If I went the window weld method, I'd leave everything in place and then shoot it into there. No need to remove it, as it's pretty sticky even when applying it.
I'm assuming that to replace the bushing, I'd have to drop the differential. And, that's a can of worms I don't want to bother with.
I'm not 100% on selling it, but it definitely will not be my daily driver next year. I do hear a clunk though, which I'm certain is from this mount. No vibration that I can link to this.
Note I am writing this sitting behind a computer and I have not done this or even had a first hand visual as I have FWD and what I am writing is based on my work with SC.
The problem is that the mounts are part of the frame. You can not detatch it and take it to a shop to press-out and in. The mounts have to to pushed out in-place .. under the vehicle and new ones inserted in place too. If you have the right size pusher/cup you can use or build the tool. See the discussion in SC/LS forum.
Related to that is the position/plane of the mounts. Fastnoypi is reminding us that the mounts are in vertical plane and what you fill will flow out. It will be like pouring concrete without the forms.
Salim
PS: It seems most of the folks call it the bushing ... I guess it is just me who kept on saying the millennium happens 2001 and not 2000.
Last edited by salimshah; Sep 25, 2015 at 10:54 AM.
I've used the 3m window weld before to install a windshield on another car, and it's very sticky. I don't think it will flow out even when applying it vertically.
haha, i just realized I called it a bushing again in the last post! sorry!
I'll do some searching in the SC and LS forums, to see what I can come up with.

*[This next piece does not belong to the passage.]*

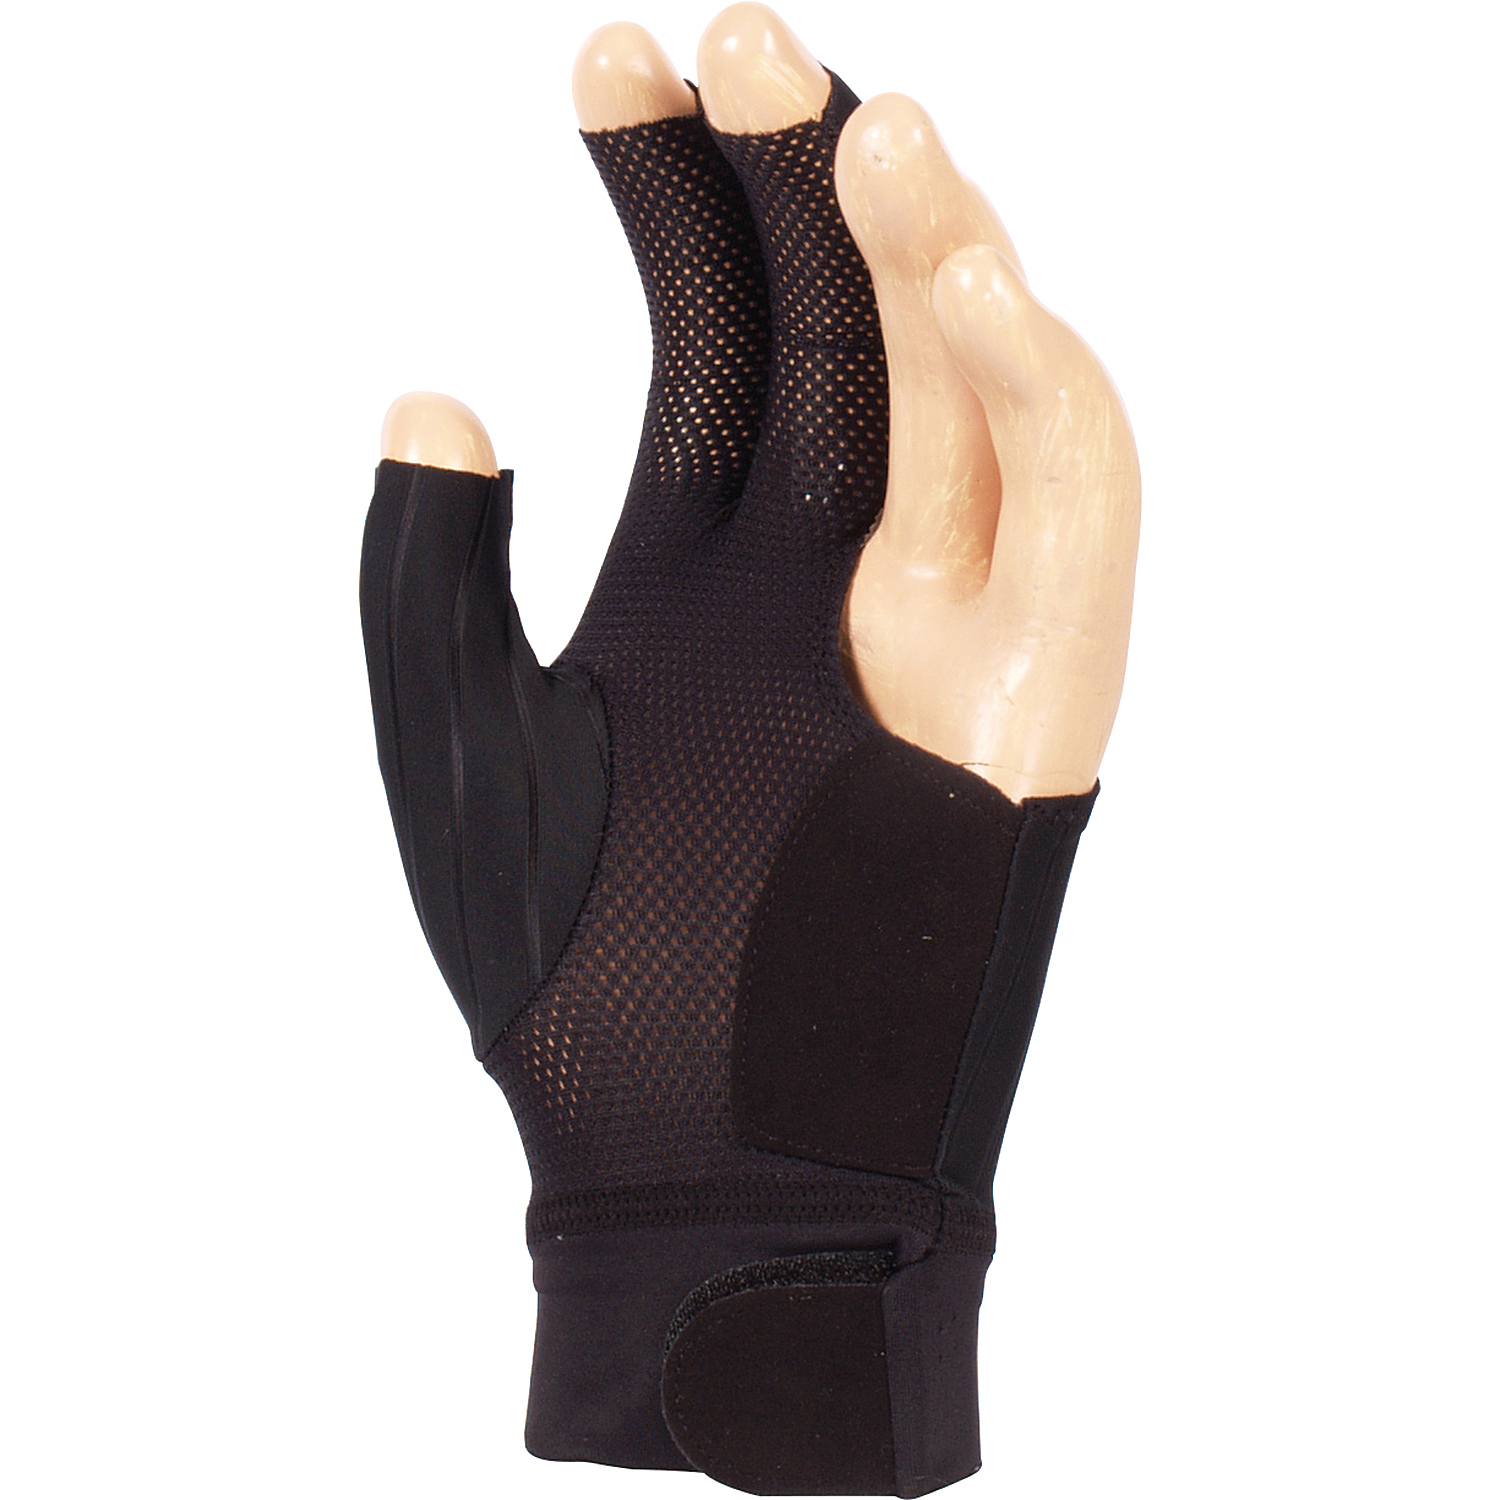 KA0280-AD: Biljart handschoen Adam Pro zwart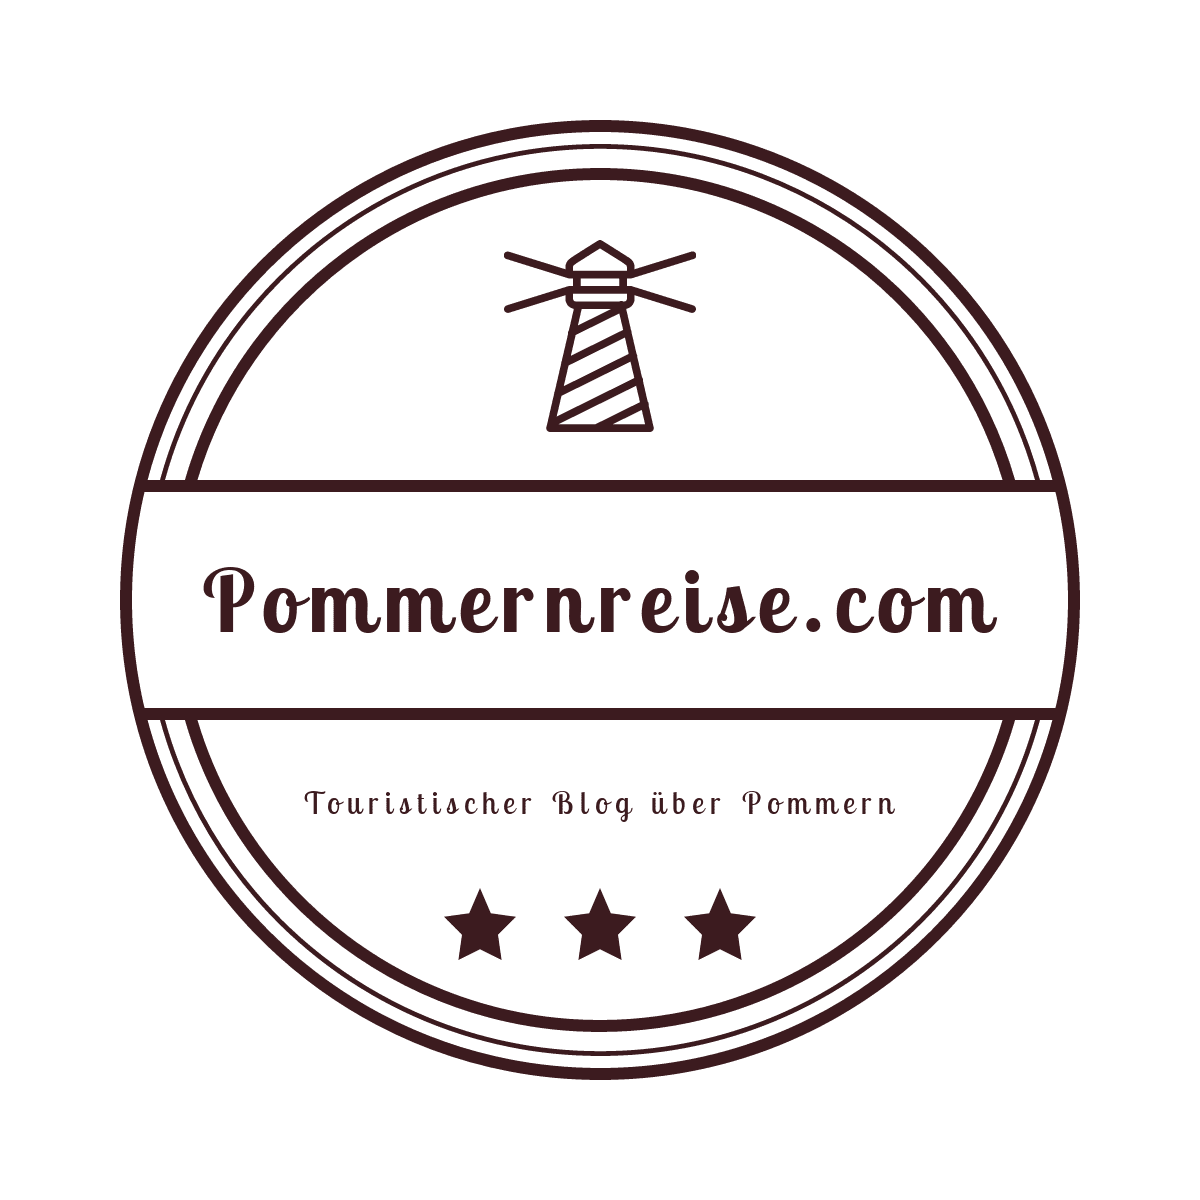 www.pommernreise.com

This morning I checked mine car shifting between R and D, I have the same problems like yours, it's moving up and down , there are 2 mounts , the one on the left also movement, on the video only show center mount, mine is not leaking oil but cracked .
Enthusiasts are opting for a metal piece to have no give, but that makes the vehicle ride less smooth ... go cart vs daily driver. imho it matters more if you have rwd.
For those who are considering changing the mount, please mark how the factory one is installed. They are oriented specifically to handle movement.
I have come across a bandaid solution to fill the cavity with RTV sealant ... may have to build it up. Personally I would replace it. Loan a tool (which has multiple cups which need not be exact) and get large washers to make exact pusher.
Salim
Last edited by salimshah; Sep 26, 2015 at 07:41 AM.
This morning I checked mine car shifting between R and D, I have the same problems like yours, it's moving up and down , there are 2 mounts , the one on the left also movement, on the video only show center mount, mine is not leaking oil but cracked .
The other mount isn't cracked on my RX, but yes it does have movement which I believe is regular.